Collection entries
----------
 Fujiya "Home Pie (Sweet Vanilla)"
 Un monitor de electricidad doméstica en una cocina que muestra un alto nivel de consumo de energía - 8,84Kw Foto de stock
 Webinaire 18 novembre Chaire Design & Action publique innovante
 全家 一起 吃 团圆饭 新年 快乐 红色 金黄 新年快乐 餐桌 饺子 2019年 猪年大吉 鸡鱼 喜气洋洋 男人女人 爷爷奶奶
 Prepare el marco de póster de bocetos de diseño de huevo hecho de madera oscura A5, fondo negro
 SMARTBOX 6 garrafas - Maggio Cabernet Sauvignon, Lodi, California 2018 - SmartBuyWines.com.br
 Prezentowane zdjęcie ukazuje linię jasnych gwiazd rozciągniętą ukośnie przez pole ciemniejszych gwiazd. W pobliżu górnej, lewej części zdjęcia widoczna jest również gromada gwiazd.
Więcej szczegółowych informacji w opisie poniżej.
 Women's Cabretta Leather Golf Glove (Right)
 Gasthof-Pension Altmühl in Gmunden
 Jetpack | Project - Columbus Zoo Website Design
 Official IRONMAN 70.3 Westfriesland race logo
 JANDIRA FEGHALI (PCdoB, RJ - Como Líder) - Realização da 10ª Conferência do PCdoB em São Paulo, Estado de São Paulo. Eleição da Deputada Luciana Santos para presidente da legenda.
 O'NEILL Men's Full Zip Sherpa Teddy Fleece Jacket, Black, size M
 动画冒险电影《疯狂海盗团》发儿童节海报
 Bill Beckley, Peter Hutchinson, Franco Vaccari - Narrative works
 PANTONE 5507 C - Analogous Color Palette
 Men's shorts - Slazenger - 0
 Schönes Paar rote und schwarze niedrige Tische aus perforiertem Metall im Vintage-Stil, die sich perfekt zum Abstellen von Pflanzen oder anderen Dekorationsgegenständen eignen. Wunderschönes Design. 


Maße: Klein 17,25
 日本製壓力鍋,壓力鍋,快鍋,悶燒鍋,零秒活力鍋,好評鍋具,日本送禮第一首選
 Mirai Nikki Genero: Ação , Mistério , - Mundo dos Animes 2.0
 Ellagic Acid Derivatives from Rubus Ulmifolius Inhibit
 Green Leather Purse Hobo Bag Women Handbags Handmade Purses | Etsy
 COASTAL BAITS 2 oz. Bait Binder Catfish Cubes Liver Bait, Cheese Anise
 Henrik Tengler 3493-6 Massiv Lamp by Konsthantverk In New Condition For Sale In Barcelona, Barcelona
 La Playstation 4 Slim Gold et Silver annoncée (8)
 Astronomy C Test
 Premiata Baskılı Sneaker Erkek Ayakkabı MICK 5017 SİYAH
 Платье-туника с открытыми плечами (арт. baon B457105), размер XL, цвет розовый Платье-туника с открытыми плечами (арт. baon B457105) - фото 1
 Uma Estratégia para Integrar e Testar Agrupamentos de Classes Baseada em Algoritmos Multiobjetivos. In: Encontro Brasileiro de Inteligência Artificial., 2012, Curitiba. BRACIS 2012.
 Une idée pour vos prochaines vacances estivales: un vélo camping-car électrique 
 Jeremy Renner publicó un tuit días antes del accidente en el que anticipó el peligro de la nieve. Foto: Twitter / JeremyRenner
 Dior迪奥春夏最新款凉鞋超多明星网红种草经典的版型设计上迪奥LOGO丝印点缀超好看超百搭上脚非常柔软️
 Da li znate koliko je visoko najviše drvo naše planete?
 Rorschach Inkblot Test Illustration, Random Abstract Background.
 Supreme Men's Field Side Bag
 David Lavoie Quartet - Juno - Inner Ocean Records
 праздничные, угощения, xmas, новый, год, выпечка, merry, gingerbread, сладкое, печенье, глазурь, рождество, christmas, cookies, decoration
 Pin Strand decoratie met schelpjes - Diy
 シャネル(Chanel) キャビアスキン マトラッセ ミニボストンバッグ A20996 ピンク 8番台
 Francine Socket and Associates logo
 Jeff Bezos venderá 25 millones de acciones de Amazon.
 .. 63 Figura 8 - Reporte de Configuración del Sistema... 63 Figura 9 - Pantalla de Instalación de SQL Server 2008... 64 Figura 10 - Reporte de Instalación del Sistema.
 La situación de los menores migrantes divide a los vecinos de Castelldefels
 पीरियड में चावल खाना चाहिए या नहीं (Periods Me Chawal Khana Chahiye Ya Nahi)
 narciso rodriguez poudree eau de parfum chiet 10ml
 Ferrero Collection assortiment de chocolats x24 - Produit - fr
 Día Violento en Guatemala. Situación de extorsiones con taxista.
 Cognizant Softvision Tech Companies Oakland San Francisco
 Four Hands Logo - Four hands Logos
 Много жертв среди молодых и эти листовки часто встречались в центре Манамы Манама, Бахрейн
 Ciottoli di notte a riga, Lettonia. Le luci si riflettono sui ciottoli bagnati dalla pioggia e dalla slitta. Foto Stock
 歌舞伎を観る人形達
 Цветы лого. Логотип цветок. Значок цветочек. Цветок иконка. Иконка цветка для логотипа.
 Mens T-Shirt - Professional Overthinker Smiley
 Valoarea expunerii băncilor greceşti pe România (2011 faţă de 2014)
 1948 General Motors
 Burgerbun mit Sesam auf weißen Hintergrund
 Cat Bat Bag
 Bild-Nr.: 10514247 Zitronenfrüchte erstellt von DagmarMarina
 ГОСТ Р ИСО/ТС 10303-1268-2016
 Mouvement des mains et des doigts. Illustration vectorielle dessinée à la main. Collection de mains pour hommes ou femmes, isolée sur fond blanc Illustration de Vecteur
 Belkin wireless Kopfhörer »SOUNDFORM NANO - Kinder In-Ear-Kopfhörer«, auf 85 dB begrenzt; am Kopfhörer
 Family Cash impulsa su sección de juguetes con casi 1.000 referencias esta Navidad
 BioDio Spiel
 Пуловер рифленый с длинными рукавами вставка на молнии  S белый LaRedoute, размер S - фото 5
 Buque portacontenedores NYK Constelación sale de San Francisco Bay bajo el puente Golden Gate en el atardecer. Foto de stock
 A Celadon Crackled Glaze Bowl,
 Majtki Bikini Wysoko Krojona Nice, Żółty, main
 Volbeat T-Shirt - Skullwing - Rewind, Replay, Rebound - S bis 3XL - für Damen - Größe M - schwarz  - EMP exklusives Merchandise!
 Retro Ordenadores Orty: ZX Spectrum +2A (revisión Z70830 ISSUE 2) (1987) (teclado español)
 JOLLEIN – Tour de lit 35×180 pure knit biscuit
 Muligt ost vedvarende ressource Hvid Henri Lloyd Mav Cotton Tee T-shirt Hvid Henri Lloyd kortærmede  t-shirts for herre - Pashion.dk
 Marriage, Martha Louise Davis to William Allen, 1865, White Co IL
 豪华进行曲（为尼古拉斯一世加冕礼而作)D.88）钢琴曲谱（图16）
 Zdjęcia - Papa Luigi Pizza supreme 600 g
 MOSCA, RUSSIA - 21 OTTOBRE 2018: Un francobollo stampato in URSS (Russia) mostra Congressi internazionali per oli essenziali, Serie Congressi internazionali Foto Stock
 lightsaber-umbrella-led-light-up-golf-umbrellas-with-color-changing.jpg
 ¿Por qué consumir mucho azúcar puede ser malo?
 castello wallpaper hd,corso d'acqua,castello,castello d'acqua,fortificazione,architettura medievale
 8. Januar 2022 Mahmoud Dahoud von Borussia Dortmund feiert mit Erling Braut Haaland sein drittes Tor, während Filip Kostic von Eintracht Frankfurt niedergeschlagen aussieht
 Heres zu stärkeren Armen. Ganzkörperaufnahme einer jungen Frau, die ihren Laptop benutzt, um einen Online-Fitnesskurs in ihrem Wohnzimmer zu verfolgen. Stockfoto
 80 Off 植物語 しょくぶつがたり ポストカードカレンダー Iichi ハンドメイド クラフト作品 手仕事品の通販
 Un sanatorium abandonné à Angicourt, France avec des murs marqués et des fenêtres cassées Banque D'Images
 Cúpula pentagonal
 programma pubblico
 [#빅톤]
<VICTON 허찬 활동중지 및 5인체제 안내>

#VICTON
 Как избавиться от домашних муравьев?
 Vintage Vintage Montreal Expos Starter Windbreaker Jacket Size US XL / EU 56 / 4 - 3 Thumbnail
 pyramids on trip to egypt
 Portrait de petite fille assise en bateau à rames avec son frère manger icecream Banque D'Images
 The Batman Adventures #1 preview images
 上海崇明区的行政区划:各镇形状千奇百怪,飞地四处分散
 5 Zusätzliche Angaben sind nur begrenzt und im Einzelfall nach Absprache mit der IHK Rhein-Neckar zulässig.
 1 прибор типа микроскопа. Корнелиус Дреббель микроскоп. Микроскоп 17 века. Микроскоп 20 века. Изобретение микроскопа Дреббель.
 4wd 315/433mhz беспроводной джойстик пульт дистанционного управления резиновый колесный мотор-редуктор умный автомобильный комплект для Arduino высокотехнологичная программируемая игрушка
----------
What the task asks —
Retype only the lines above between the line with "Green Leather Purse" and the line with "Henrik Tengler 3493-6", counting those two lines as well, and keep every character as it is.

Answer to the exercise —
 Green Leather Purse Hobo Bag Women Handbags Handmade Purses | Etsy
 COASTAL BAITS 2 oz. Bait Binder Catfish Cubes Liver Bait, Cheese Anise
 Henrik Tengler 3493-6 Massiv Lamp by Konsthantverk In New Condition For Sale In Barcelona, Barcelona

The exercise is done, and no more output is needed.